→ Given data:

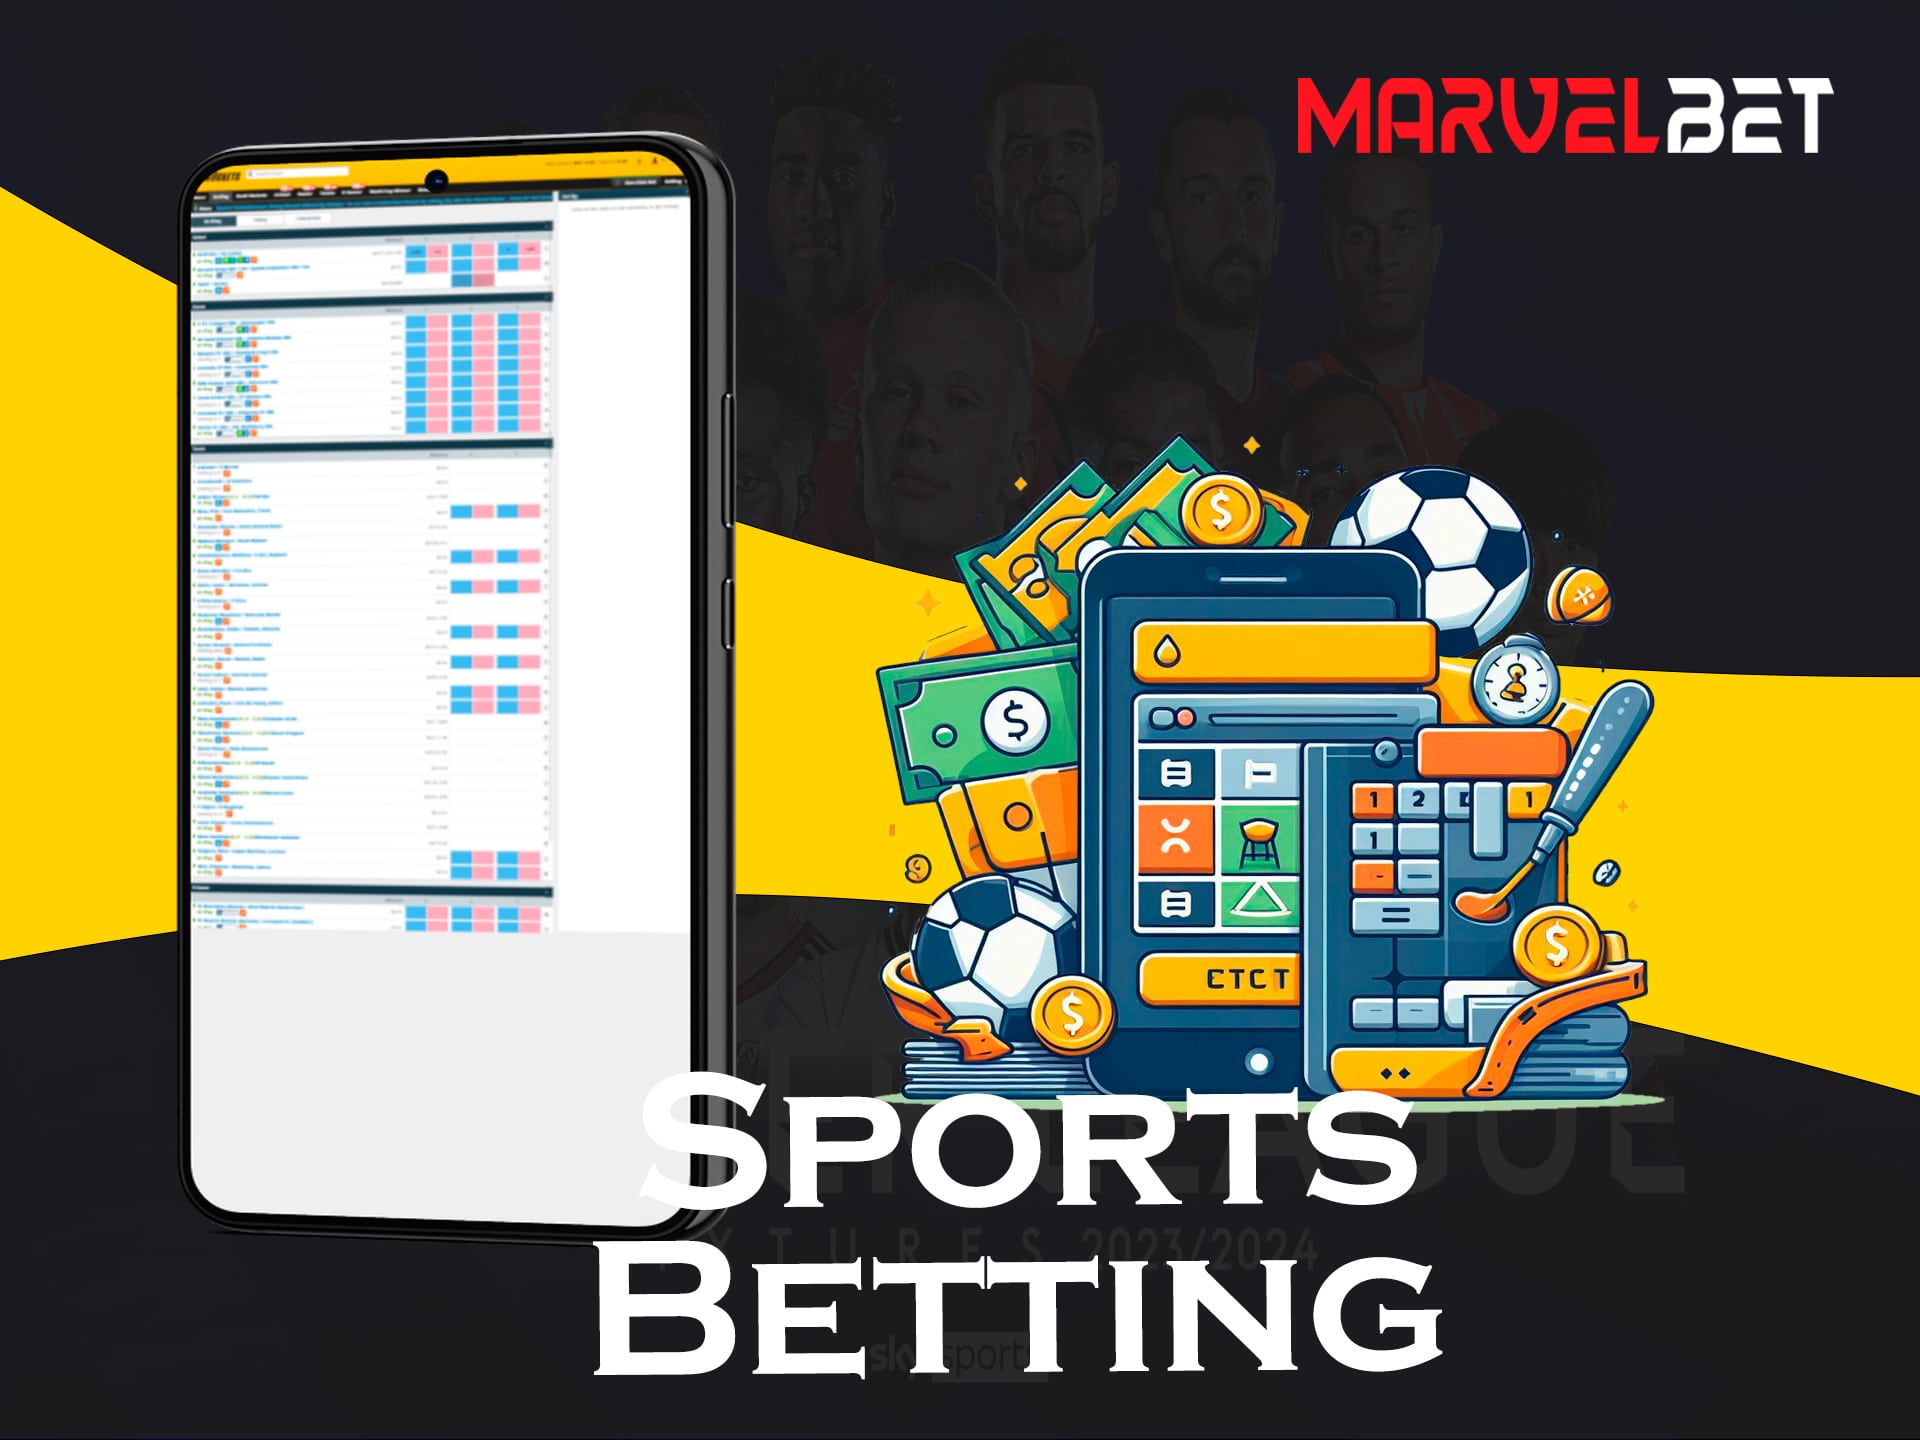 sports betting in marvelbet apps 
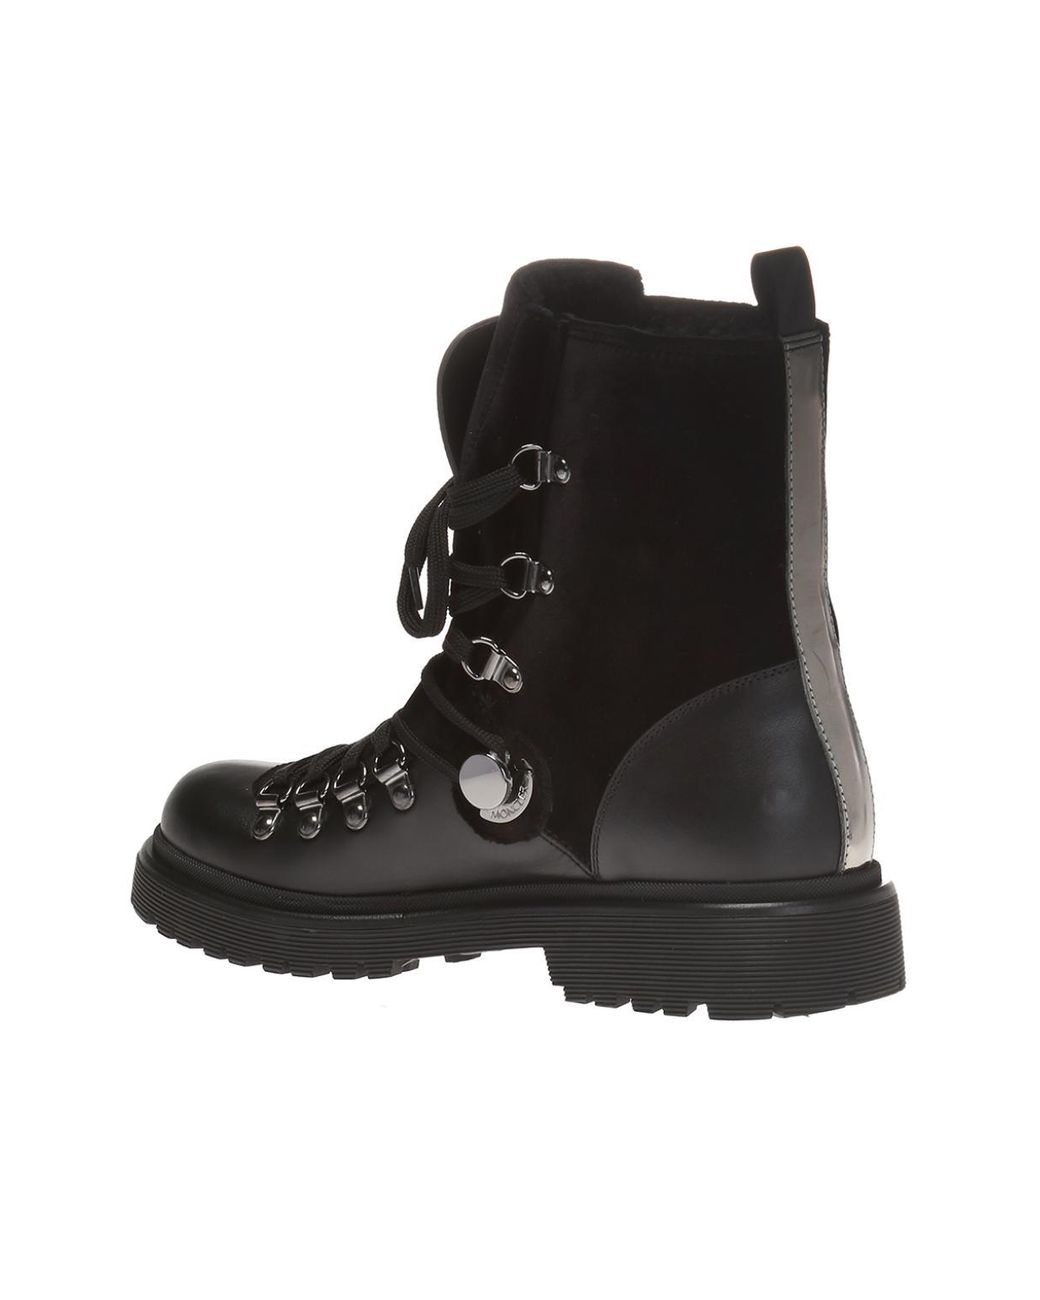 Moncler 'berenice' Padded Boots in Black | Lyst
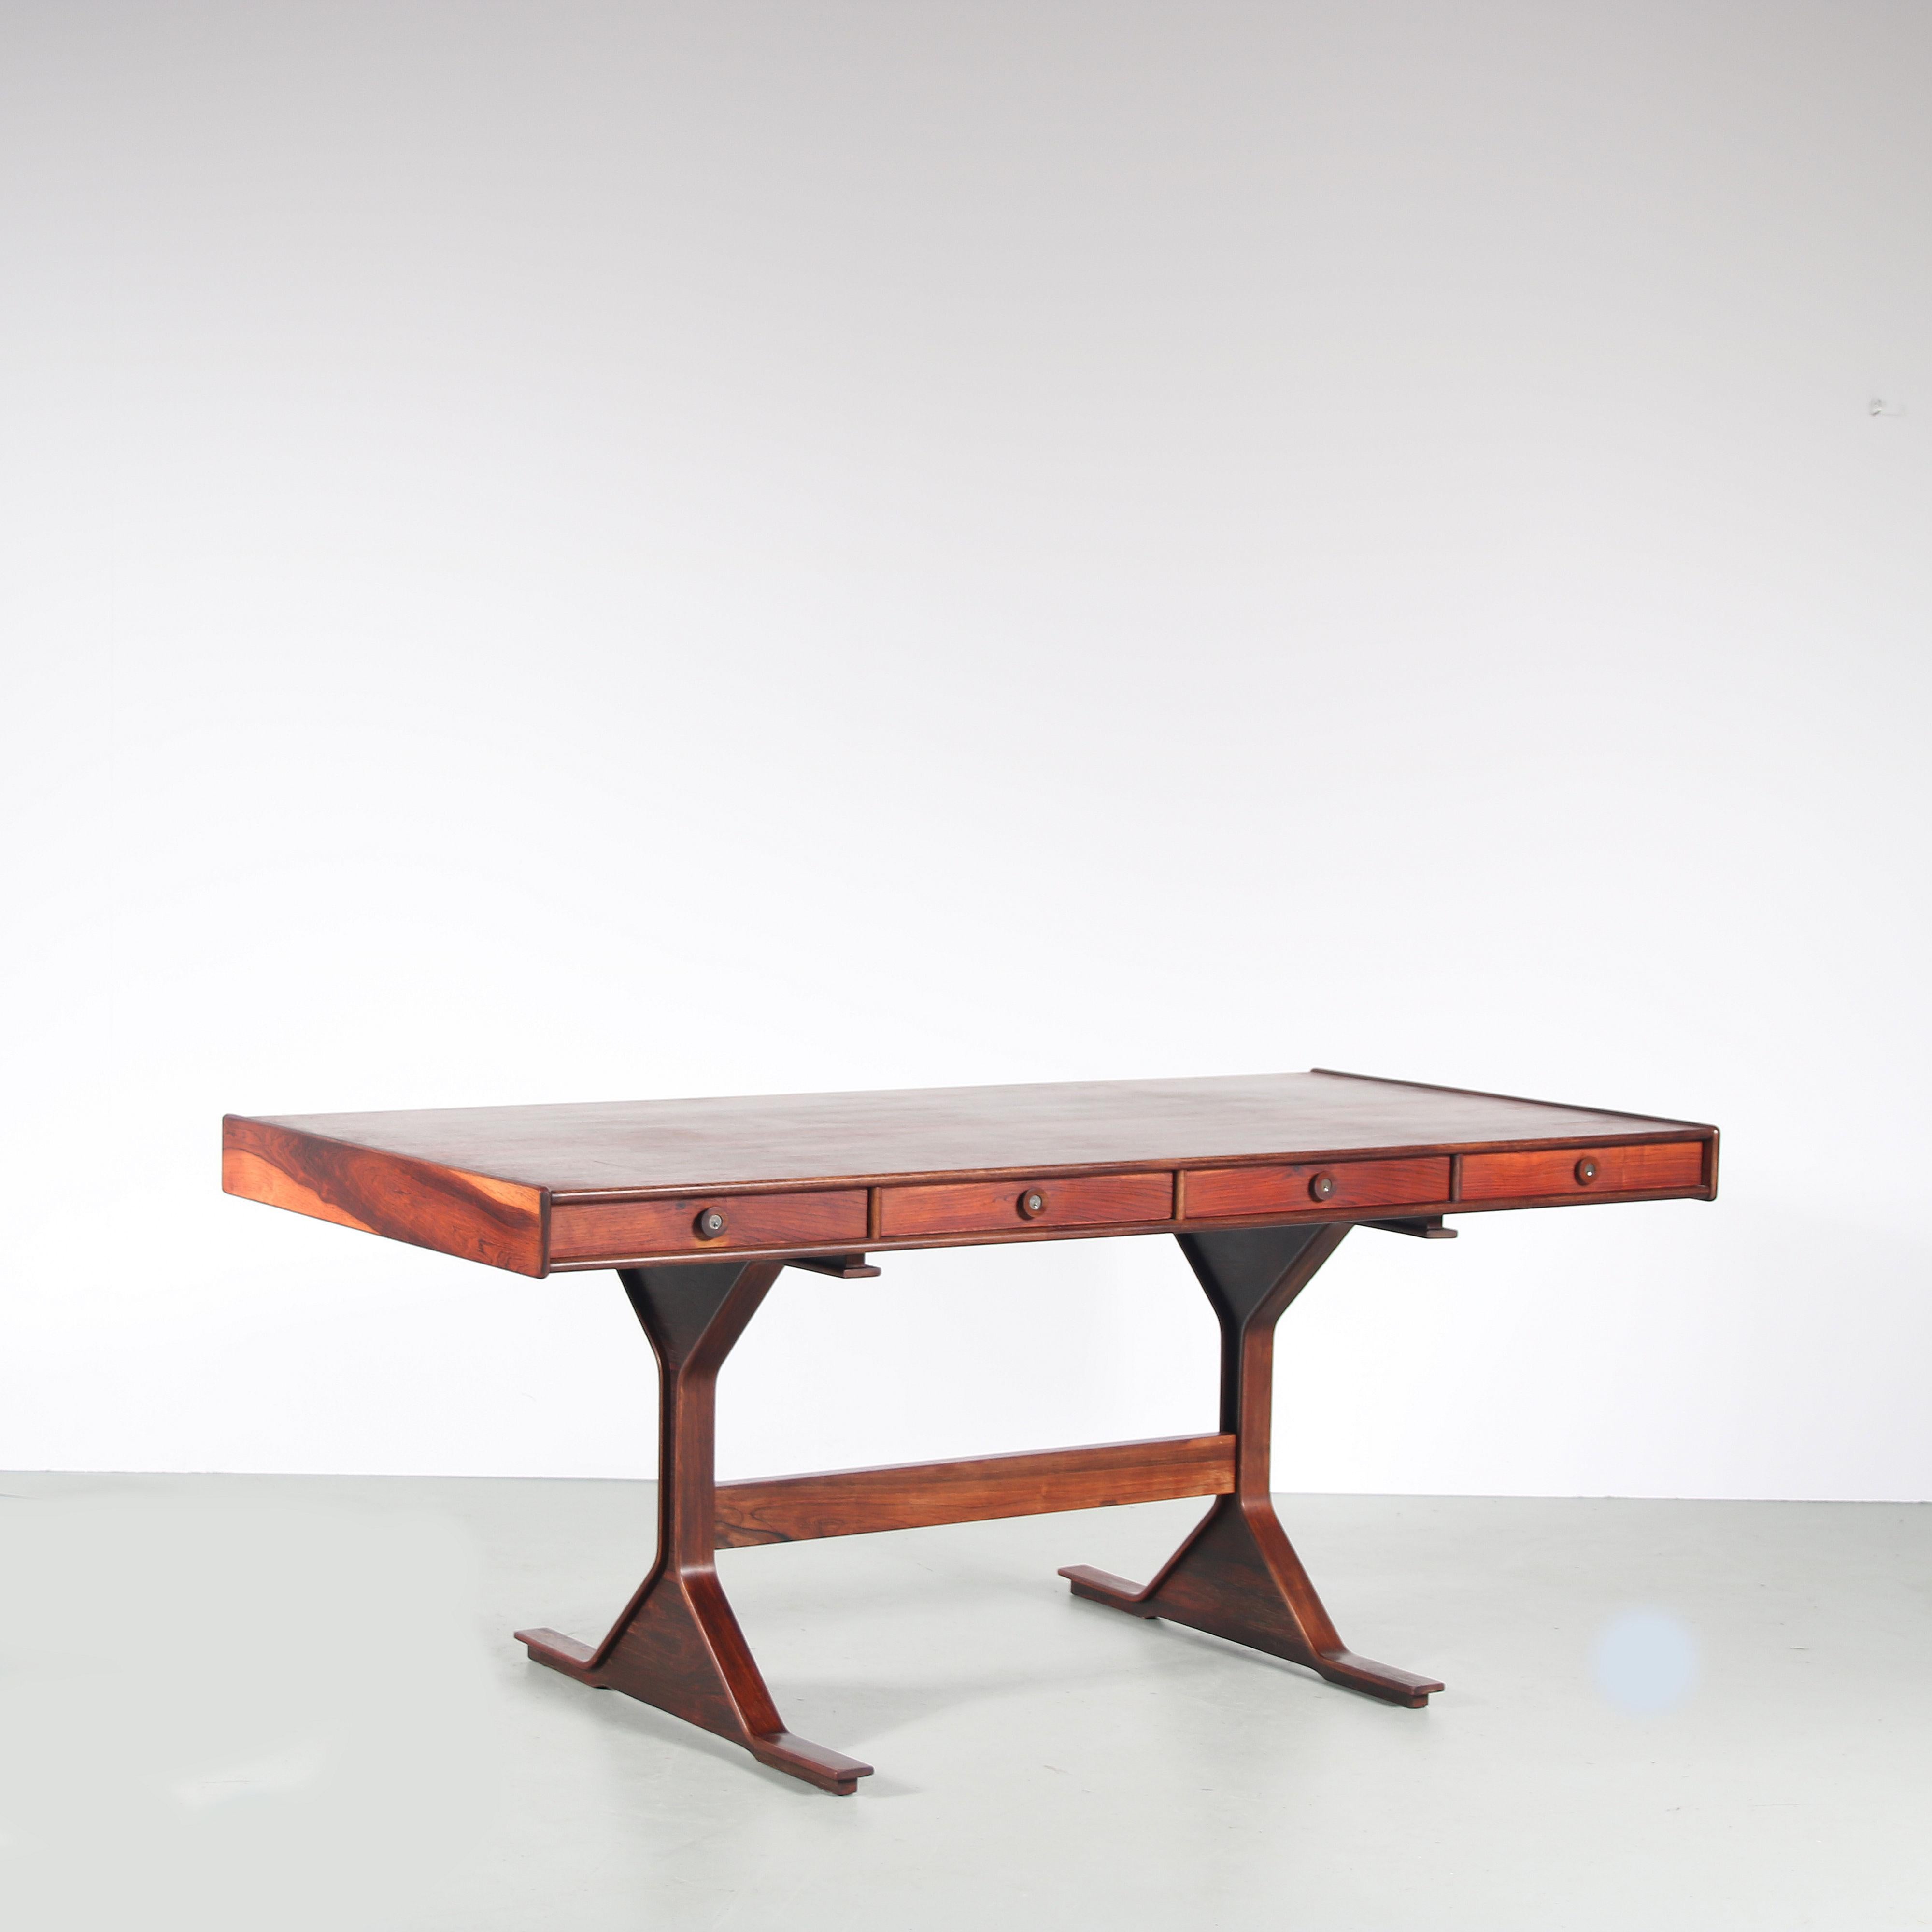 

A beautiful large desk designed by Gianfranco Frattini, manufactured by Bernini in Italy around 1950.

This high quality, well executed piece is made of high quality rosewood in a wonderful warm brown colour. The piece has a smooth finish with an

→ Task item: Copy the line containing "A beautiful large" exactly. Then copy every line after it through the end of the listing, and nothing more.

→ Solution to the exercise:
A beautiful large desk designed by Gianfranco Frattini, manufactured by Bernini in Italy around 1950.

This high quality, well executed piece is made of high quality rosewood in a wonderful warm brown colour. The piece has a smooth finish with an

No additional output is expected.